Until he was three and a half years old, Joseph Hann didn’t seem so different from any other kid his age. He loved swimming, riding his balance bike, trick-or-treating at Halloween. Then he began bumping into things around his family’s home in Tucson, Arizona. His parents, Matt and Gina Hann, figured he was just a little clumsy or was running around faster than he should. Soon they discovered he could no longer identify letters of the alphabet on an eye chart he had in his room. Something was wrong with his vision.

Joseph got glasses, but no prescription seemed quite right. A trip to a specialist in Phoenix revealed a retinal abnormality, which suggested that Joseph was suffering from a degenerative eye disease. There was a good chance, the Hanns were told, that the boy would go blind.

Matt and Gina resolved to fill however many days of sight their son had remaining with as many vivid memories as they could.

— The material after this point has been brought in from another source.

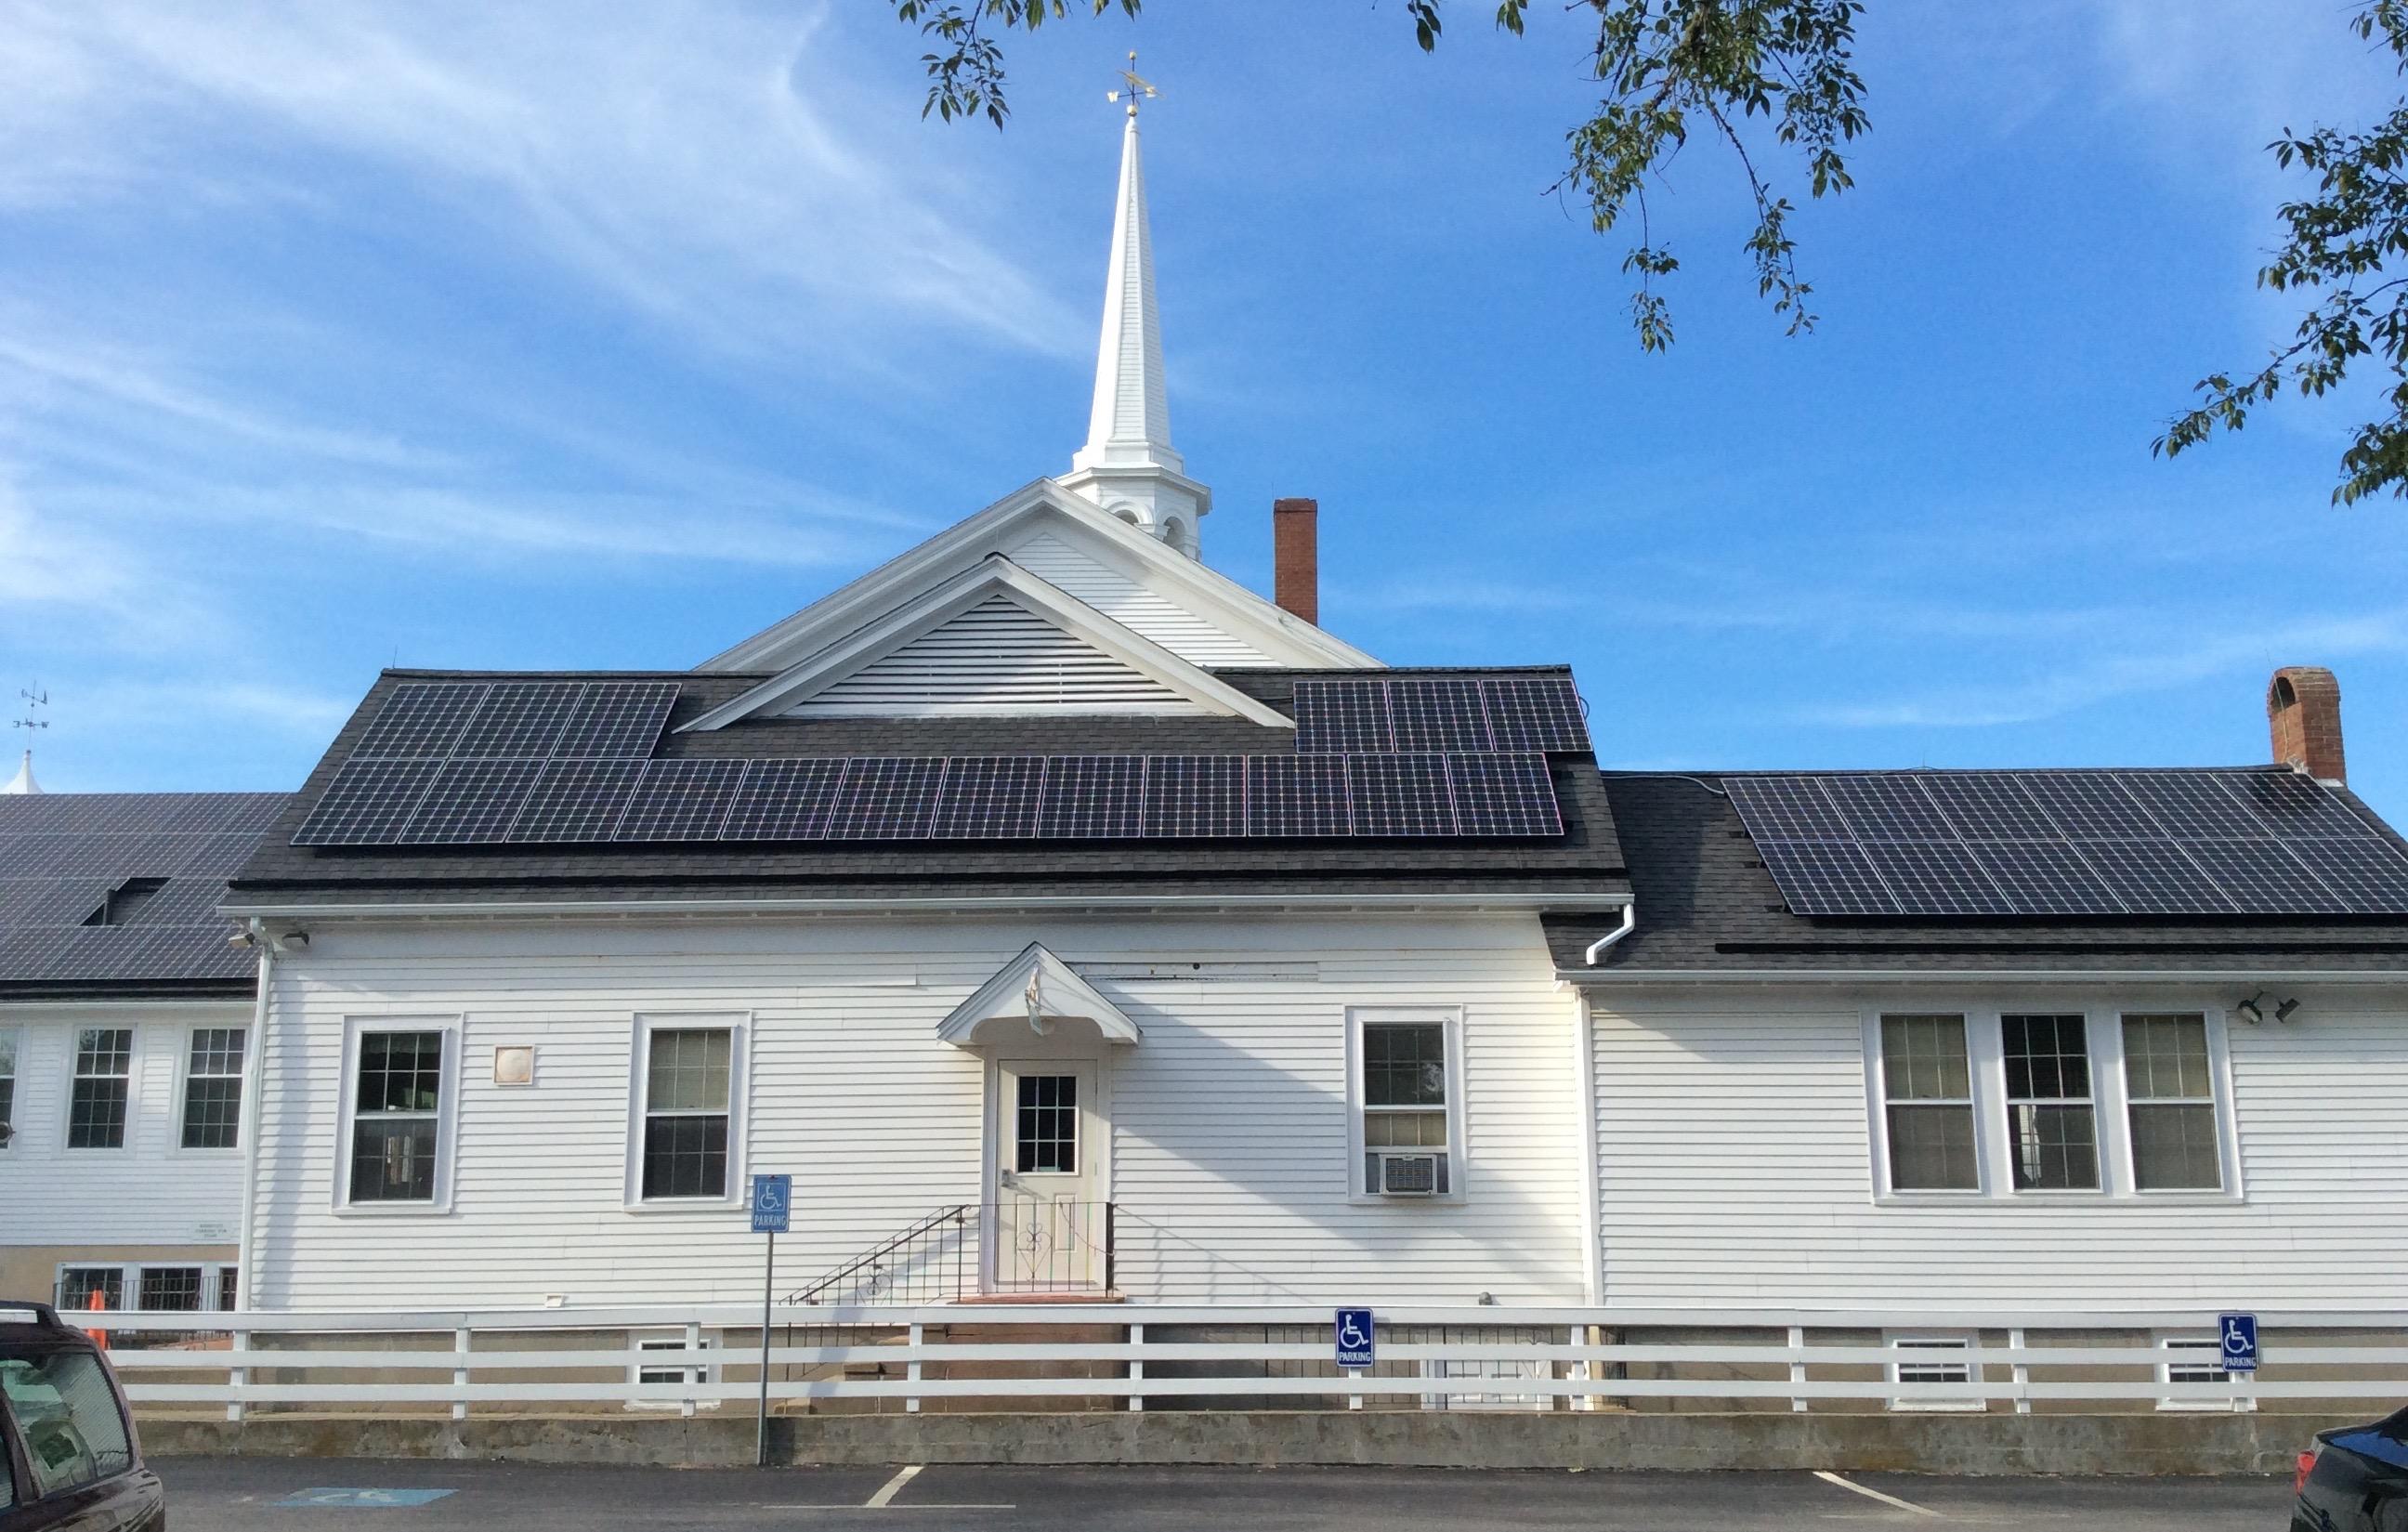 Pilgrim Church solar array- Harwich Port, MA

They booked a trip to Disneyland for Joseph and his three siblings. But a week before they were set to travel to California, Joseph was sitting in his dad’s lap playing with an iPad when he collapsed into a grand mal seizure, the muscles of his body violently contracting as he temporarily lost consciousness. It lasted more than thirty seconds. “He hit the floor,” Matt remembers, “and then he kind of woke up from it with that look of ‘What just happened?’ ”

They rushed Joseph to a nearby hospital, where an emergency-room neurologist thought he recognized the root of the boy’s problem. Just a couple weeks earlier, the doctor had read a paper about a rare genetic disorder of the nervous system. Hearing that Joseph wasn’t as agile as the other Hann children, was losing his sight, and now had suffered a seizure, the doctor suspected Batten disease. There are fourteen types of Batten, and all are fatal, nearly all in childhood. A test to look for mutations in Joseph’s genes would be necessary to determine whether the neurologist’s suspicion was correct, but the results wouldn’t be available for six weeks.

The Hanns didn’t just wait around for the diagnosis. They went ahead with the Disneyland trip. (“I was a mess,” Gina says, “but the kids thought it was the happiest place on earth.”) By the time they returned, they had decided to leave Tucson and move wherever Joseph could find the best care.

Dallas was an early front-runner. Gina and Matt are longtime employees of Texas Instruments and could transfer to work at its corporate headquarters there. Soon a chain of email referrals put them in touch with Dr. Berge Minassian, a pediatric neurologist who had joined the University of Texas Southwestern Medical Center only a few weeks earlier, in January 2017. A phone call with Minassian, who had worked on similar genetic disorders, sealed the Hanns’ decision. They’d pack up their four children and move to Texas in hopes that it would give their son a better shot at life.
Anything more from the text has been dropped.